Abstract
This article looks at performance and scalability issues on a
dynamic website and how the Transactional Cost Analysis
methodology can be used to see where real bottlenecks and
performance issues lie. This methodology allows you to accurately
model the performance of your website and see how potential changes
and optimizations affect the overall capacity of the site.
A step-by step guide to using the Transactional Cost Analysis
methodology with the freely available Web Application Stress tool is
given. The metrics that should be monitored and how these relate to
real-life performance are explained in detail.
Myths and misconceptions regarding ASP performance and
scalability are dealt with and example results discussed. The key
differences between performance and scalability are looked at along
with strategies that will work to improve both. In addition, real
world experiences with a large e-commerce site are given as well as
strategies that will help capacity planning and how resources are
best used.
Web stress performance overview
The performance of a web application should be thought about
during planning, technical design, architecture design, development
and testing. It cannot be "bug-fixed" on at the end.
It is still common for new sites to launch and be overloaded, or
even existing sites to come grinding to a halt. As anyone who tried
to place a bet on the English Grand National this year at most of
the online bookmakers will testify, their sites were unusable for
most of the day. The effects of such poor planning and design have a
major impact on company revenue. Given the maturity of the web, such
incidents should be and can be avoided.
All major websites should be assigned a person who is responsible
for capacity planning and ensuring that the website matches
predicted peaks in load. This is an ongoing job; it requires
detailed analysis of past trends and future marketing work. This
position is often overlooked or ignored, assuming that stress
testing during development has ironed out all problems. What is
often forgotten is the fact that different shopper behavior patterns
have a significant effect on site performance. This is where the TCA
methodology is so powerful, it allows us to run already gathered
performance data against potential shopper behavior models and sees
how performance and capacity is affected.
Scalability and performance; the difference
The terms scalability and performance are often used
interchangeably. This is a mistake because a high performance
website is not necessarily a scalable one.

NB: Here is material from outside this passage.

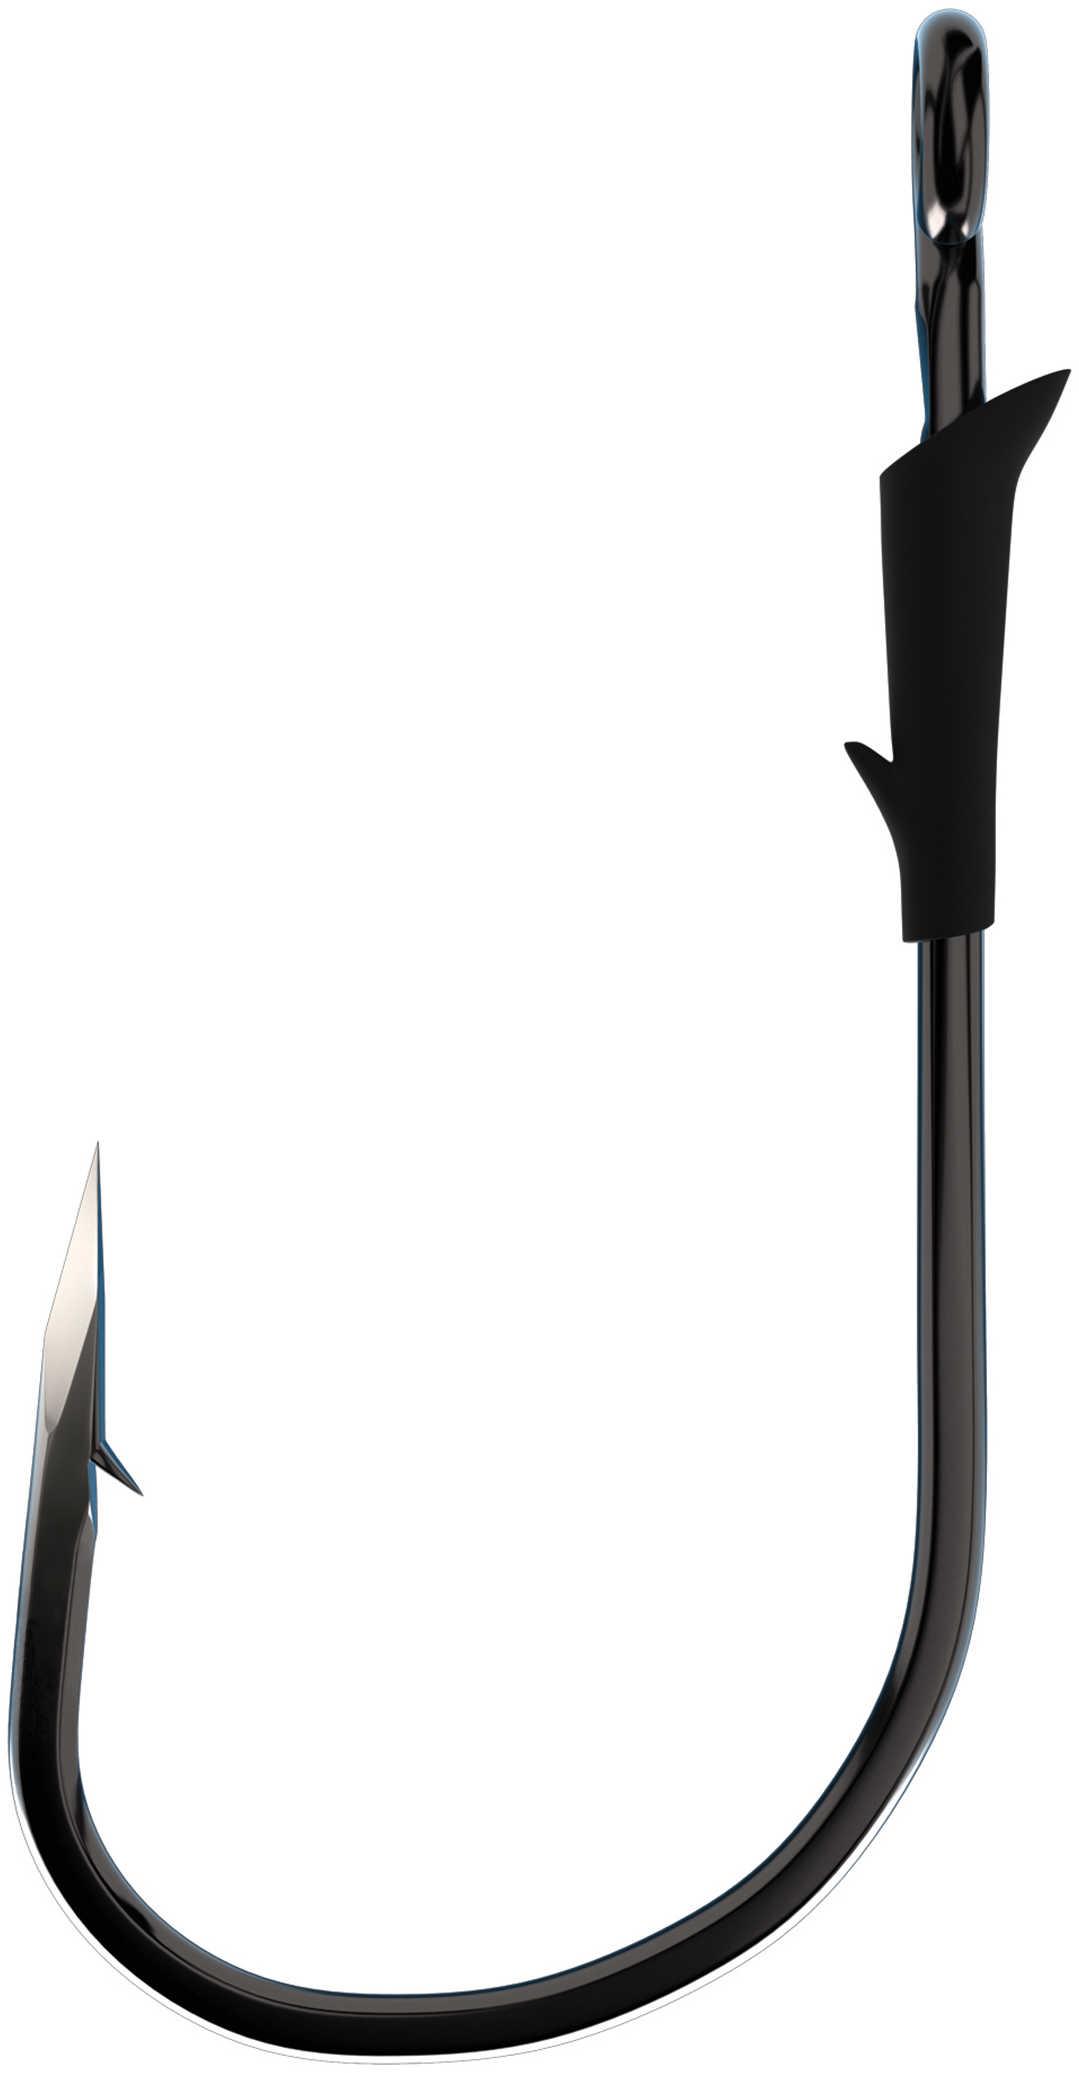 Eagle Claw Fishing Tackle Trokar Flippin Hook Platinum Black 4Pk 6/0 Md#: K130-6/0
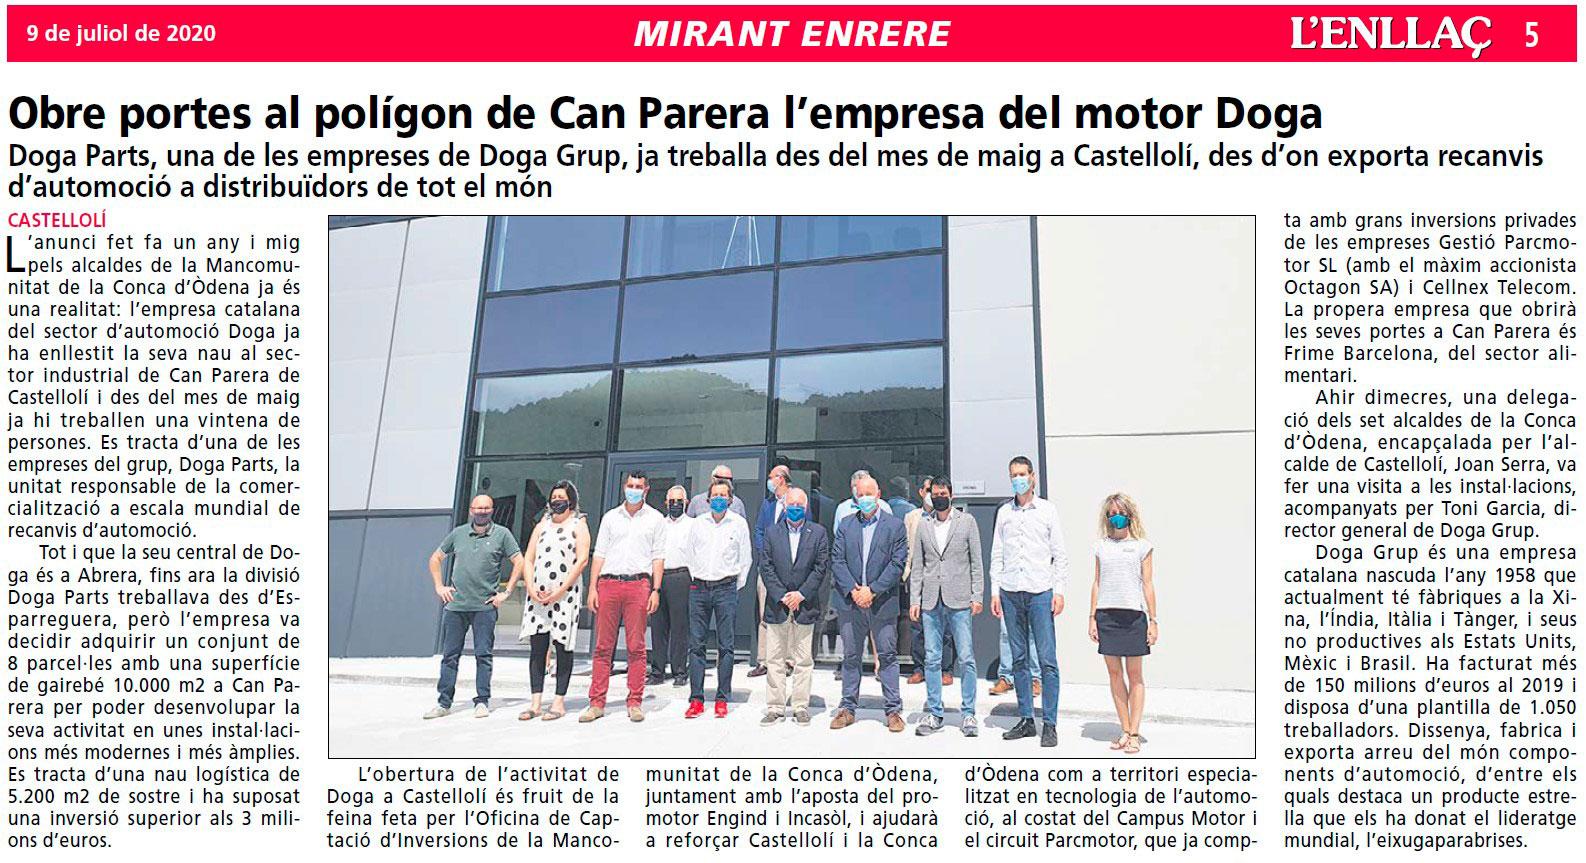 noticia_ignaguracion_castelloli_doga_enllac_interior

- Performance denotes the speed and efficiency with which the
system performs its tasks
- The ability to scale a website means the ability to add new
servers (horizontal scalability) or upgrade existing hardware
(vertical scalability) to increase capacity. A well written,
scalable application will allow the addition of new resources to
increase capacity without any changes being required to the
application itself and with little impact on system behavior or
performance.
For a large website with growing demands on capacity, the most
critical measure is the ability to scale out effectively by adding
new servers. Windows 2000 Advanced Server comes with built in
load-balancing software that can be complemented by the addition of
Application Center to help manage and monitor the web-farm. Other
worthwhile alternatives include hardware load balancing such as F1
BigIP or Cisco Local Director.
If a website application scales effectively, i.e. doubling the
number of servers results in a near doubling of capacity, this is an
extremely cost-effective way of scaling a website. New web servers
cost in the region of £2000 today for a high specification
rack-mounted server. There is also the cost of hosting but often a
company will already have space free if they have rented half a rack
or a full rack. In addition, the state of the IT market at the
moment means that most data-centers have vast amounts of unused
space so rentals are coming down: That is comparable to a couple of
days of programmers consultancy fees.
This emphasizes how it is critical to ensure that during
development of a web application, care is taken to ensure
scalability (by performance testing against a single server, and
then a web farm of two or more servers) and also how expensive
development time is focused on areas that will significantly and
measurably improve performance and ability to scale.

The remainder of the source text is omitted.